- Born: 21 November 1923 Lyck (Ełk), East Prussia
- Died: 25 October 1983 (aged 59) Hamburg, Germany
- Education: Technical University of Munich University of Göttingen
- Known for: Symanzik improvement Symanzik polymer interpretation Callan–Symanzik equation Lehmann–Symanzik–Zimmerman reduction formula Symanzik polynomials
- Awards: Max Planck Medal (1981)
- Scientific career
- Fields: Quantum field theory
- Workplaces: CERN Courant Institute Princeton University
- Academic advisors: Werner Heisenberg

= Kurt Symanzik =

German physicist (1923–1983)

Kurt Symanzik (November 21, 1923 - October 25, 1983) was a German physicist working in quantum field theory.

==Life==
Symanzik was born in Lyck (today: Ełk), East Prussia, and spent his childhood in Königsberg. He started studying physics in 1946 at Universität München but after a short time moved to Werner Heisenberg at Göttingen. There also the fruitful collaboration with Wolfhart Zimmermann and Harry Lehmann started. In 1954 he earned his PhD for his thesis The Schwinger functional in quantum field theory.

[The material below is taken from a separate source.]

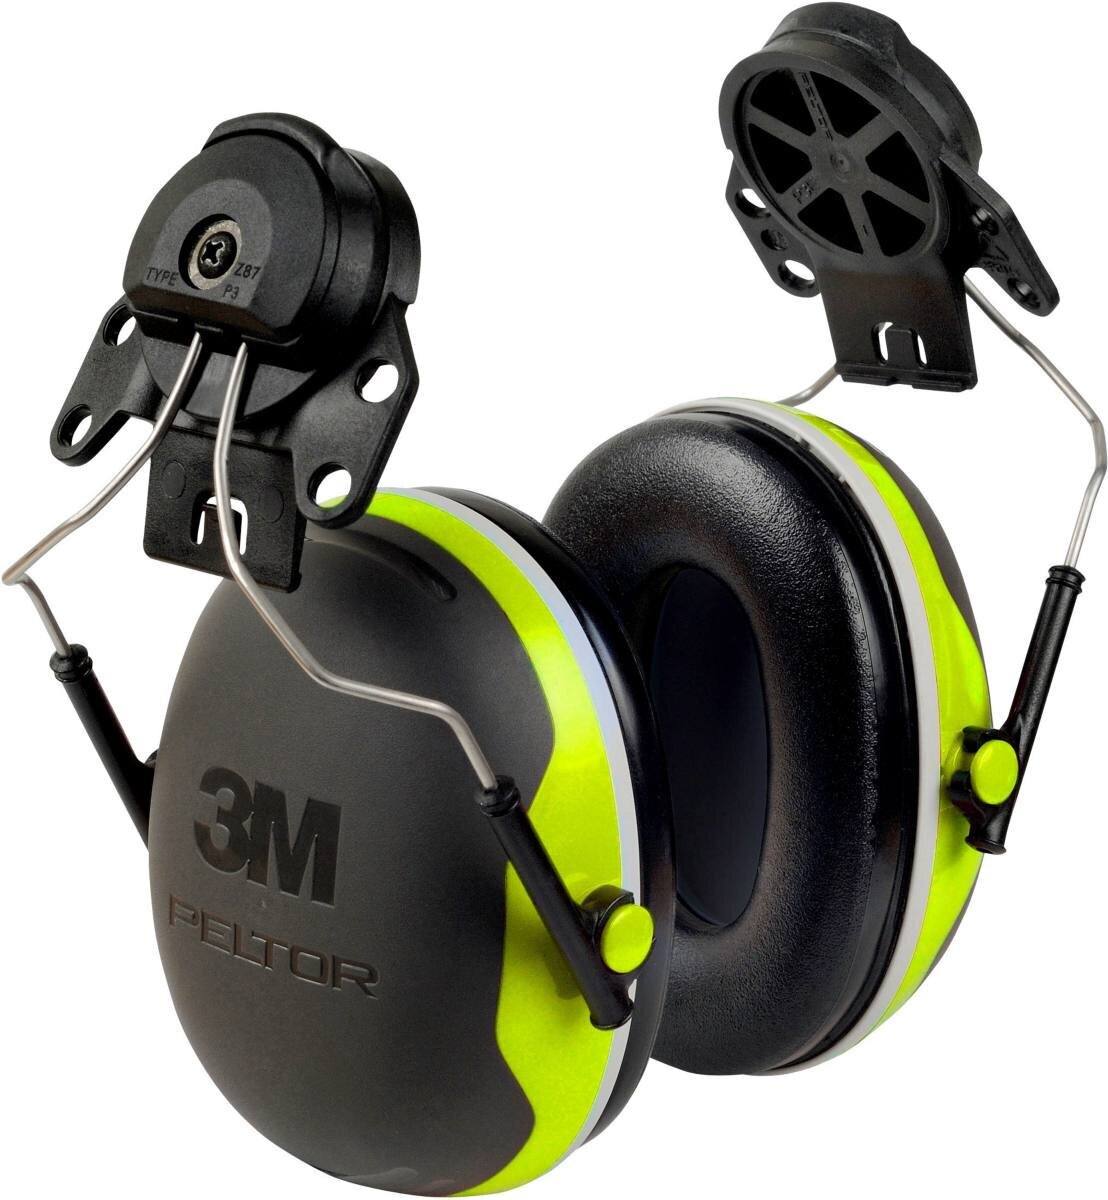 3M Peltor kuulokkeet, X4P3E kypäräkiinnike, neon, keltainen, SNR = 32 dB kypäräadapterin P3E kanssa (kaikkiin 3M kypäröihin, paitsi G2000).

After teaching at Princeton and CERN he gained a full professorship at the New York Courant Institute, which he left 1968 for the Hamburg DESY. He died in Hamburg.

==Work==
Symanzik is most well known for LSZ reduction formula and the Callan–Symanzik equation.

His early work in non-perturbative quantum field theory together in a circle with other researches nicknamed Feldverein (Field Club) by Wolfgang Pauli led to now classic results. He also contributed to the Euclidean quantum field theory ansatz.

Since 1970 his interests shifted to lattice gauge theory. In 1981 he was awarded the Max Planck medal.